What you will do:
Write the entries again exactly, with no line missing.

Extracted records
--

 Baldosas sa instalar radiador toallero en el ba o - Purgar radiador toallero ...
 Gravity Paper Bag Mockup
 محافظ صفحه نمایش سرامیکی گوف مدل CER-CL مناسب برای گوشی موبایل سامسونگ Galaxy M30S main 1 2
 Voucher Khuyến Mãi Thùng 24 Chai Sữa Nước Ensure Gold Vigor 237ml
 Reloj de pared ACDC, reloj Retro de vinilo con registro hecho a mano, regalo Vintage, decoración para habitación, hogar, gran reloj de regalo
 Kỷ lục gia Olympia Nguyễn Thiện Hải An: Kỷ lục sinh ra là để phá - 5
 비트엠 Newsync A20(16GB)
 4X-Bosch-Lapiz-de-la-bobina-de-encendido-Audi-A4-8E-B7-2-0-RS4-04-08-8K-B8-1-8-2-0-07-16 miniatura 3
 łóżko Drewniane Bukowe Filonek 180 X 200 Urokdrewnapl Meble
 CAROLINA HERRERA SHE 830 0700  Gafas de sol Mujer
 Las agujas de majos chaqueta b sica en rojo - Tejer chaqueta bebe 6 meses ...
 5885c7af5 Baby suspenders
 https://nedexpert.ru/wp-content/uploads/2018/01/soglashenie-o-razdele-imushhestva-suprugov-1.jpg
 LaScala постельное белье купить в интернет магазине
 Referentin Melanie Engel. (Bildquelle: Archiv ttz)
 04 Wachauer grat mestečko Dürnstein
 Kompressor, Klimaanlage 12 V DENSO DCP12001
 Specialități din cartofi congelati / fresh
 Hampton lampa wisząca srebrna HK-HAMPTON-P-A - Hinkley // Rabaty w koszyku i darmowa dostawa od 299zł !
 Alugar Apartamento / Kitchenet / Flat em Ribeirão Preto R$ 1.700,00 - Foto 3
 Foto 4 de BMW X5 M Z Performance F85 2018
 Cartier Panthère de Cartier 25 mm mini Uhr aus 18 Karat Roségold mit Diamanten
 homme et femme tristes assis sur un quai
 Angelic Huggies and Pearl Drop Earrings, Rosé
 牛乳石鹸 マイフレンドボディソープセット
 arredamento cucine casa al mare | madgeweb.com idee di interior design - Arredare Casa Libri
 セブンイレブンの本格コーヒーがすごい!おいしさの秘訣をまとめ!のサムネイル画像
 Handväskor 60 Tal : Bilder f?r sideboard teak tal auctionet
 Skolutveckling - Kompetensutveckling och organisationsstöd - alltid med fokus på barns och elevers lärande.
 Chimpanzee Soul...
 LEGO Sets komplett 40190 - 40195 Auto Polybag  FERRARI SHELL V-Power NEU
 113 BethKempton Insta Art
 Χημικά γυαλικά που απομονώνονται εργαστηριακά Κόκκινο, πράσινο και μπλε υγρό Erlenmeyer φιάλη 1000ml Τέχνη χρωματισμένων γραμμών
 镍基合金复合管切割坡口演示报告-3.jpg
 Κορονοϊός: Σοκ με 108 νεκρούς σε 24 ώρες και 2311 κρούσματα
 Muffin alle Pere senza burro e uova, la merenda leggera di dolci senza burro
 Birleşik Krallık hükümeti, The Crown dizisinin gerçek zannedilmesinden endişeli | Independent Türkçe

--

Problem solution:
 Baldosas sa instalar radiador toallero en el ba o - Purgar radiador toallero ...
 Gravity Paper Bag Mockup
 محافظ صفحه نمایش سرامیکی گوف مدل CER-CL مناسب برای گوشی موبایل سامسونگ Galaxy M30S main 1 2
 Voucher Khuyến Mãi Thùng 24 Chai Sữa Nước Ensure Gold Vigor 237ml
 Reloj de pared ACDC, reloj Retro de vinilo con registro hecho a mano, regalo Vintage, decoración para habitación, hogar, gran reloj de regalo
 Kỷ lục gia Olympia Nguyễn Thiện Hải An: Kỷ lục sinh ra là để phá - 5
 비트엠 Newsync A20(16GB)
 4X-Bosch-Lapiz-de-la-bobina-de-encendido-Audi-A4-8E-B7-2-0-RS4-04-08-8K-B8-1-8-2-0-07-16 miniatura 3
 łóżko Drewniane Bukowe Filonek 180 X 200 Urokdrewnapl Meble
 CAROLINA HERRERA SHE 830 0700  Gafas de sol Mujer
 Las agujas de majos chaqueta b sica en rojo - Tejer chaqueta bebe 6 meses ...
 5885c7af5 Baby suspenders
 https://nedexpert.ru/wp-content/uploads/2018/01/soglashenie-o-razdele-imushhestva-suprugov-1.jpg
 LaScala постельное белье купить в интернет магазине
 Referentin Melanie Engel. (Bildquelle: Archiv ttz)
 04 Wachauer grat mestečko Dürnstein
 Kompressor, Klimaanlage 12 V DENSO DCP12001
 Specialități din cartofi congelati / fresh
 Hampton lampa wisząca srebrna HK-HAMPTON-P-A - Hinkley // Rabaty w koszyku i darmowa dostawa od 299zł !
 Alugar Apartamento / Kitchenet / Flat em Ribeirão Preto R$ 1.700,00 - Foto 3
 Foto 4 de BMW X5 M Z Performance F85 2018
 Cartier Panthère de Cartier 25 mm mini Uhr aus 18 Karat Roségold mit Diamanten
 homme et femme tristes assis sur un quai
 Angelic Huggies and Pearl Drop Earrings, Rosé
 牛乳石鹸 マイフレンドボディソープセット
 arredamento cucine casa al mare | madgeweb.com idee di interior design - Arredare Casa Libri
 セブンイレブンの本格コーヒーがすごい!おいしさの秘訣をまとめ!のサムネイル画像
 Handväskor 60 Tal : Bilder f?r sideboard teak tal auctionet
 Skolutveckling - Kompetensutveckling och organisationsstöd - alltid med fokus på barns och elevers lärande.
 Chimpanzee Soul...
 LEGO Sets komplett 40190 - 40195 Auto Polybag  FERRARI SHELL V-Power NEU
 113 BethKempton Insta Art
 Χημικά γυαλικά που απομονώνονται εργαστηριακά Κόκκινο, πράσινο και μπλε υγρό Erlenmeyer φιάλη 1000ml Τέχνη χρωματισμένων γραμμών
 镍基合金复合管切割坡口演示报告-3.jpg
 Κορονοϊός: Σοκ με 108 νεκρούς σε 24 ώρες και 2311 κρούσματα
 Muffin alle Pere senza burro e uova, la merenda leggera di dolci senza burro
 Birleşik Krallık hükümeti, The Crown dizisinin gerçek zannedilmesinden endişeli | Independent Türkçe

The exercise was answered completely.